The Government, according to their response,
“expect that the changes to interpreters’ terms will increase the number and availability of Tier 1 and 2 interpreters”.
The changes, however, were not supported by the Professional Interpreters for Justice, the interpreters working for Capita or those with the tribunals service who attended meetings to discuss the changes. Will the Minister explain how she can be so certain that the changes will attract more well-qualified interpreters when 85% of well-qualified interpreters have made it clear that they will not work for Capita, because of the lowering of professional standards? Professional Interpreters for Justice made that clear back in March, and yet its advice, the responses to the consultation and my debate back in 2007 have been completely ignored.

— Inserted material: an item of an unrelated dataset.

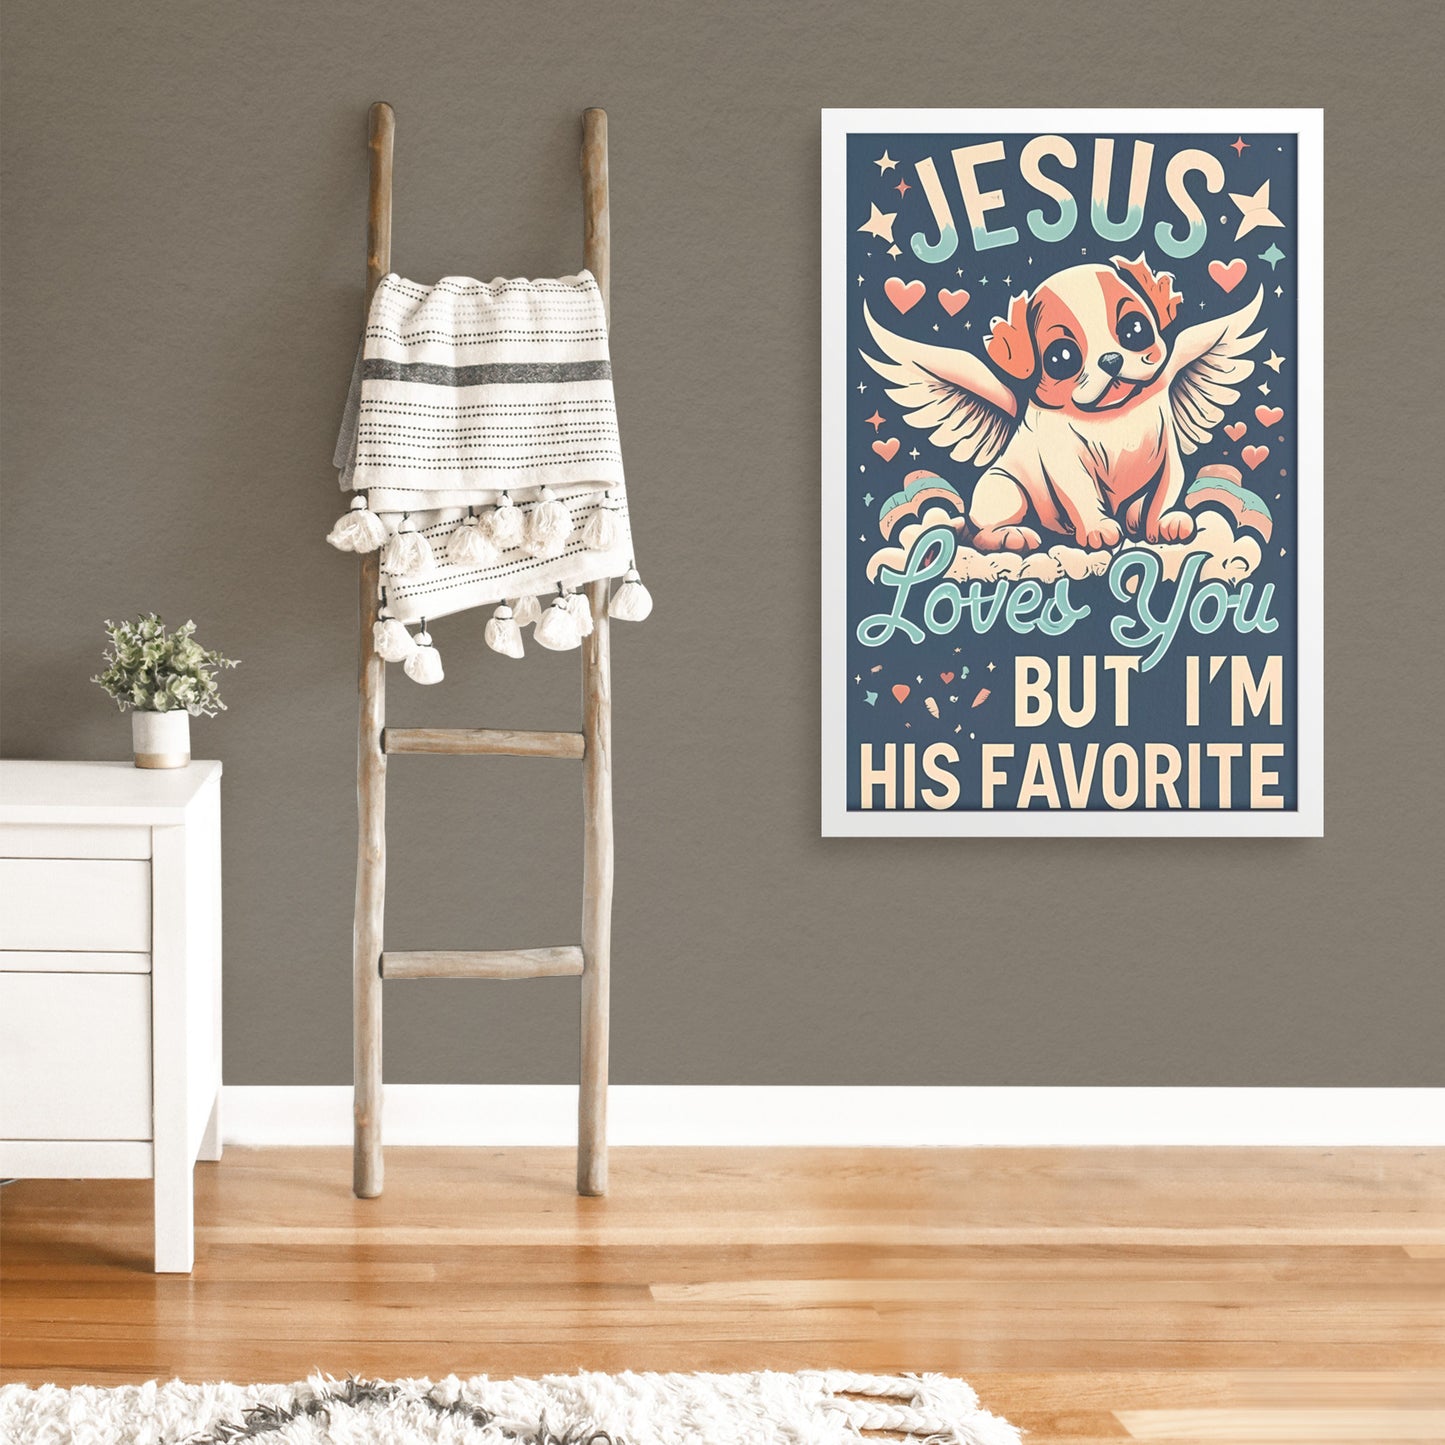 Jesus Loves You, But I'm His Favorite Retro Style Kawaii Angel Puppy Framed Poster

As I said, the Select Committee report made it clear that nothing was fundamentally wrong with the quality of the service before the new contract was introduced. No one is suggesting that it was perfect or that improvements could not have been made, but fundamentally it worked well. No one has seriously tried to defend the changes on the basis of driving up standards; they have always been about saving money.
The Justice Committee report recommended that the Department be clearer about the true costs of the contract. The Department, in its response, claimed that the framework agreement had made significant savings over the first year of the contract, but it failed to provide any evidence to back up that claim. The Government’s response recognises that certain costs are difficult to calculate, admitting:
“Reasons for a hearing adjournment are not routinely recorded, so it is difficult to identify adjournments for interpreting problems. However, we would expect any difficulties with interpreting to be raised through the complaints system by staff.”
If so, how can the Minister be certain that savings have been made? The simple answer is that it is impossible to be certain whether any savings have been made under the contract.
In reality, the savings claimed by the MOJ do not include the costs of court delays, case adjournments, repeated remands in custody for offenders and all other related expenses of underperformance, including those of court clerks who have booked interpreters outside the contract because of Capita’s poor service—that goes on, and it goes on a lot. Has the Department made any assessment of such costs? If not, how can the MOJ stand by the claim that it has made significant savings in the first year of operation? I simply do not see how it can. Finally on cost, the Department estimated the staffing costs of liaising with Capita and overseeing performance at £315,000 between January 2012 and March 2013. Will the Minister confirm whether those costs are being reimbursed by Capita? How much will the ongoing costs be of ensuring that its performance continues to be thoroughly scrutinised?
We are not only talking about money; we must not forget justice and access to justice. In giving evidence, Mr Atkinson of the Law Society stated that while miscarriages of justice would occur infrequently, they were possible. Even one miscarriage of justice is one too many, but perhaps more concerning was his comment that
“people are spending time in custody for no reason other than the lack of an interpreter.”
Again, that is not acceptable.
As the right hon. Member for Kingston upon Hull West and Hessle said, 608 magistrates court trials and 34 Crown court trials were recorded ineffective in 2012, as a result of interpreters being unavailable—a 100% increase on the previous year. Does the Minister consider that acceptable? Furthermore, will the Minister tell the House how many defendants have remained in custody as a result of ineffective trials that are a direct result of an interpreter not being available?
I suspect that the Minister will tell me that she cannot answer any of those questions—that the data are not easily available and she does not know the answer. If so, she must accept that her Department cannot justify continuing to defend the contract, and that we must look seriously at cancelling it.